This template was last edited on 15.12.18

This repo is a skeleton or template of SIH's Carpentries-based training course lesson and workshop landing page websites. Use this when creating or running a new training course for SIH.

Step 0: What do you want?

Identify whether you want:

  • to run a workshop and tell people where to go and what software to install beforehand
  • to develop some new lesson materials
  • to create a landing page for a series of courses, linking together multiple courses

All three of these types of websites can be made using this repository:

  • workshop is probably the one you'll use most frequently, and allows you to create an event landing page. It is designed to promote an actual instance or set of trainings covering one of our lessons, for example the GIS workshop in December 2018.
  • lesson creates a series of pages which can be used to develop course materials, for example Intro to Artemis. These course materials will be reused and updated for multiple deliveries throughout the year(s).
  • series is used as a landing/contents page for a group of lessons that form a theme, for example the Artemis series.

Write down which of the three you want: workshop, lesson, or series.

All of these can be set up using the GitHub interface directly (by editing the files described below), or by downloading the entire project to your local machine and editing and previewing there.
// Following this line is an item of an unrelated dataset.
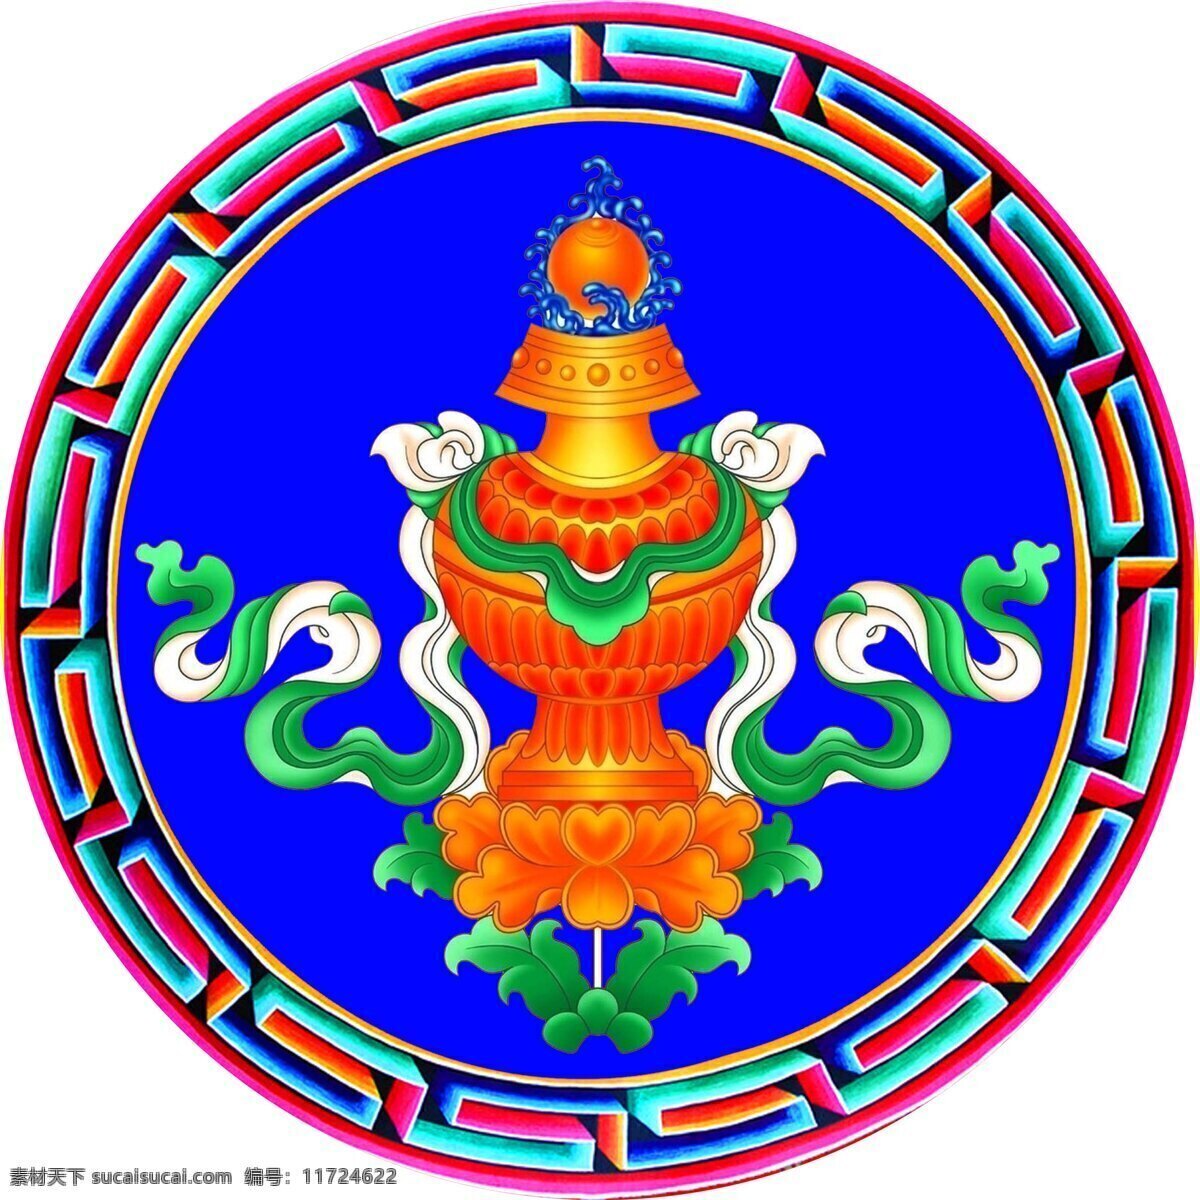 八宝 藏八宝 吉祥八宝 宝瓶 西藏 图案 花边 宗教信仰 文化艺术

Any website created from this repository will be rendered at https://sydney-informatics-hub.github.io/yourreponame.

Step 1: Get this template

Make a copy of this training-template repository, which you will then edit to create your training course.

You can carry out this step on GitHub directly (Option 1), or by downloading this repository to your local machine (Option 2).

Option 1: Use GitHub's importer to copy this training-template repository.

  1. Log in to the public GitHub. (If you do not have an account, you can quickly create one for free.) You must be logged in for the remaining steps to work.

  2. Go to GitHub's importer.

  3. Paste the url of this repo as the old repository to clone: https://github.com/Sydney-Informatics-Hub/training-template.

  4. Select the owner for your new repository. This will be Sydney-Informatics-Hub.

  5. Choose a name for your website repository:

    • If you are creating a workshop website, this name should have the form YYYY-MM-DD-<workshopID>, where YYYY-MM-DD is the start date of the workshop, and workshopID is a human readable label for others to understand which workshop this could be referring to. For example, 2018-11-28-bmcR or 2018-12-12-IntroArtemis.
    • If you are creating a lesson website, the name should have the form: lesson-<series>-<course>, for example lesson-bmc-introR.
    • If you are creating a series website, the name should have the form: training-<series>, for example training-artemis.
  6. Make sure the repository is public.

  7. At this point, you should have a page like this:

githubimport

You can now click Begin Import. When the process is done, you will receive a message like "Importing complete! Your new repository "Sydney-Informatics-Hub/2018-12-10-bmcR" is ready." and you can go to the new repository by clicking on the name. Proceed to Step 2 below.

Option 2: Command line local option

i. Copy this template

Make a new directory where you want to keep your local copy of the course repo, and initialise it as a git repository. See step 5

mkdir /training-course-name
cd !$ && git init

Now add the template repository as a remote, calling it template

git remote add template https://github.com/Sydney-Informatics-Hub/training-template.git

Finally, fetch and checkout the template

git fetch template gh-pages
git checkout -b gh-pages template/gh-pages

You will now have a skeleton of the course website, ready for editing. The template repo will be available as a remote repository, should you wish to update the template files later on.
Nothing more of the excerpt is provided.